На другой день вечером я попросил Толстого позволения вернуться ко вчерашней беседе.

– Пожалуйста, пожалуйста… – отвечал он. – Это мне нужно так же, как и вам…

– Меня смущает одно противоречие, которое заметно и у Христа, и у вас, и у всех нас… – сказал я. – Мне кажется, что мы мало останавливаемся вниманием на Его мысли, что «царство мое не от мира сего». А это очень важно. Если мы сопоставим эту мысль с другой его мыслью, выраженной

в Его словах «царство Божие внутрь вас есть», то…

– Постойте, я вас перебью… – сказал Толстой. – Прежде всего, что вы разумеете под царствием Божиим?

– Я и хотел сейчас дать определение его, вытекающее, по моему мнению, из соединения этих двух положений Христа… – отвечал я. – Царствие Божие, по Его мысли, как я ее понимаю, не есть что-то внешнее, какое-то идеальное царство равенства всех, свободы и прочее, потому что он усиленно подчеркивает свою мысль: «царство Мое не здесь и не там, но внутрь вас есть». Значит, царствие Божие есть такое духовное состояние, при котором человек испытывает непоколебимое душевное блаженство, независимо ни от каких внешних условий. Так?

– Так.

– А если это так, то как связать с этим пониманием царствия Божия, независимого от мира сего, все эти наши обличения богатых, правительства, эту проповедь земельной реформы по Г. Джорджу, словом, это постоянное вмешательство в дела мира сего?

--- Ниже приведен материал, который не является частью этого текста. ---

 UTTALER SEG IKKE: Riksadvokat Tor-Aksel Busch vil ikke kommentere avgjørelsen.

– Это вмешательство говорит опять-таки только о нашей слабости… – отвечал он – Для истинного христианина никакого Генри Джорджа не нужно. Все его усилия направлены только на то, что находится в его власти, то есть на самого себя, и в то же время в нем живет непоколебимая уверенность, что нет более благотворного дела для мира, чем эта работа над собой. А Генри Джордж это уступка, слабость. Не убивать людей – хорошо, не убивать людей и животных – лучше, не убивать людей, животных и паразитов – еще лучше; жить с женой в браке честно – хорошо… Так и тут: одни говорят, что для блага людей необходимо поставить в каждом городе по виселице, другие говорят, что социалистическое устройство лучше, а мы говорим, что Генри Джордж – еще лучше. Но, повторяю, это слабость: нужен не Джордж, а единая на потребу работа над собой.

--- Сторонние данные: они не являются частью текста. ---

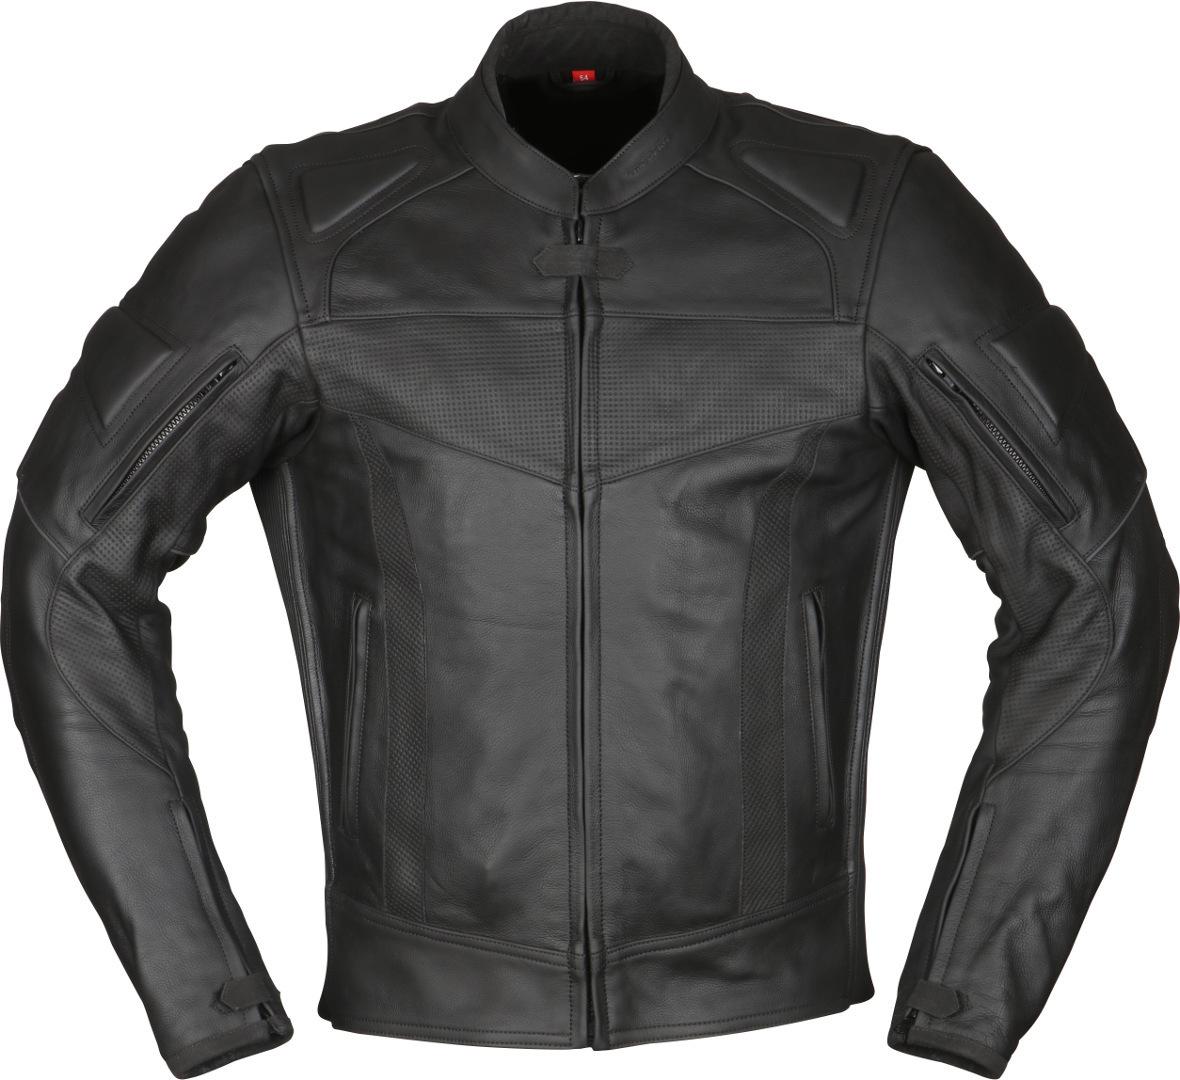 Modeka Hawking II Motorrad Lederjacke, schwarz, Größe 64, schwarz, Größe 64

– Хорошо, я понимаю… – сказал я. – И мне кажется, что у человека, действительно нашедшего царство Божие внутри себя, должно отпасть всякое желание видеть какие-либо изменения во внешнем мире, ему даже теперь жизнь должна представляться необыкновенно прекрасной. Он как бы теряет способность видеть в мире безобразие и зло, никого не осуждает, прощает все…

– Да… – сказал Толстой.

– Но как же все же испытывать ту радость среди виселиц?!

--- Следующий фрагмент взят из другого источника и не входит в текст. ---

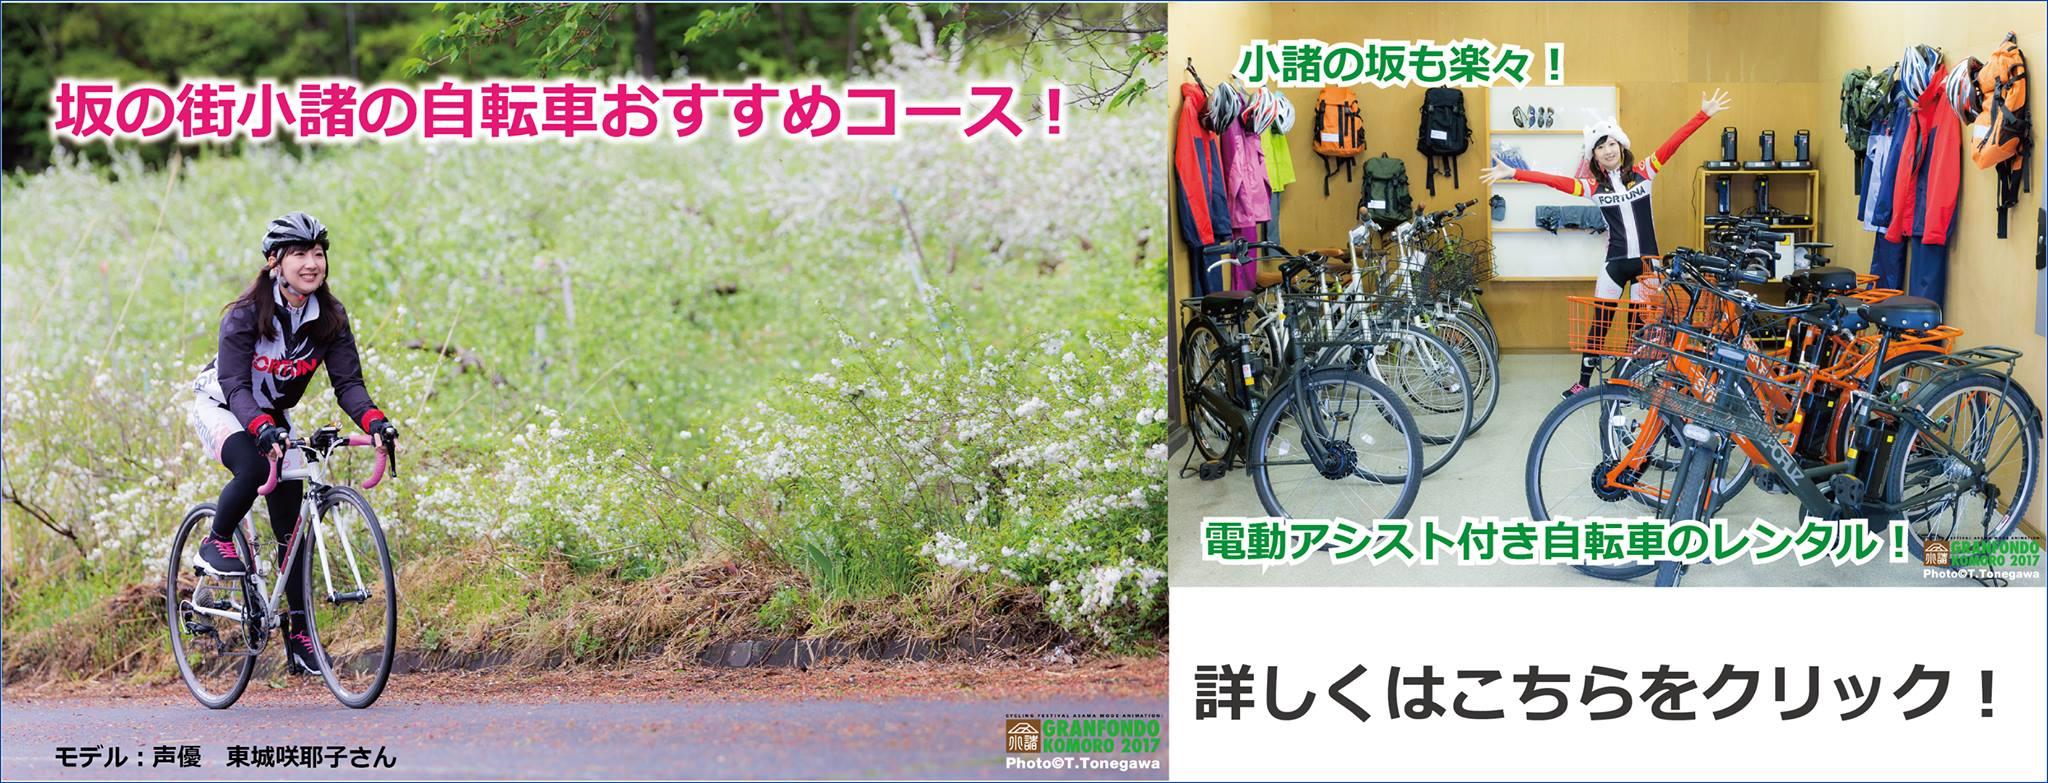 坂の街小諸の自転車おすすめコース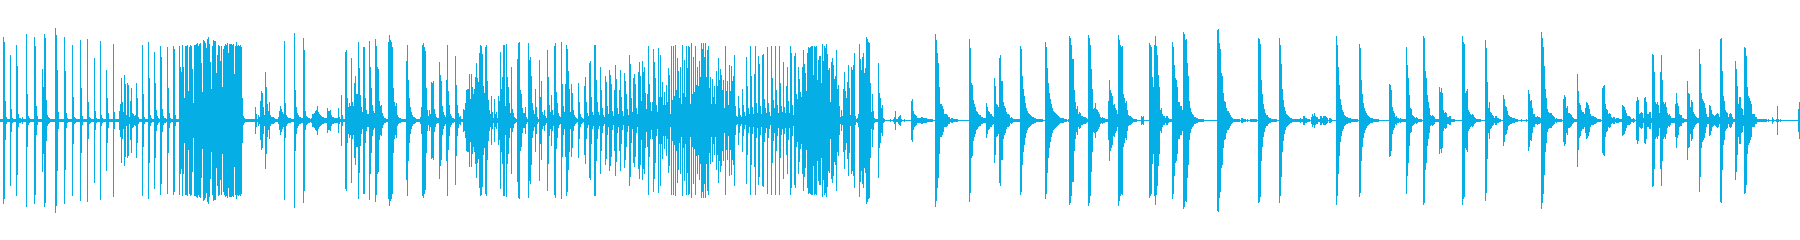 ベルテンプルリング複数Cの再生済みの波形

– Это благо не нарушается даже виселицами… – сказал Толстой – Виселицы есть, а в душе моей сознание огромного блага, радость…

– Теперь позвольте задать вам еще один вопрос, последний…

– Говорите, говорите…

– Христос учил, что путь к Богу – любовь к людям… – сказал я. – Люби ближнего твоего, как самого себя… Но что делать, если в сердце нет любви? Я, стыдно сказать, могу возненавидеть человека только за то, что он за столом хлюпает с ложки. Что же это будет, если он причинит мне серьезную неприятность?

– Так ставить вопрос нельзя… – сказал Толстой. – Очень может быть, что когда этот самый человек причинит вам очень большое зло, это вызовет в вас такой подъем духовных сил, что вы не только сразу простите его, но даже полюбите. Вот недавно один молодой человек отказался от военной службы. Его стали таскать по судам, по тюрьмам, и он не только не мог сердиться на всех этих солдат и офицеров, но ничто не могло поколебать его любовного чувства к ним. Но вполне возможно, что, если бы они только хлюпали, он испытывал бы дурное чувство к ним. Эти мелочи страшнее…

– Так. Но это дела не меняет… – отвечал я. – За крупно ли, за мелочи ли, но если я не люблю людей и в то же время сознаю необходимость любви, что мне делать? Люби! Это все равно, что сказать: летай! Как полечу я, когда у меня нет крыльев?…

– Это в Евангелии нехорошо выражено… – сказал Толстой. – Это не приказание. Мысль Христа состоит в том, что, если ты хочешь подойти к Богу, то люби людей. Любовь к людям есть условие приближения к Богу…

– Но опять-таки любить или не любить людей это не в моей власти!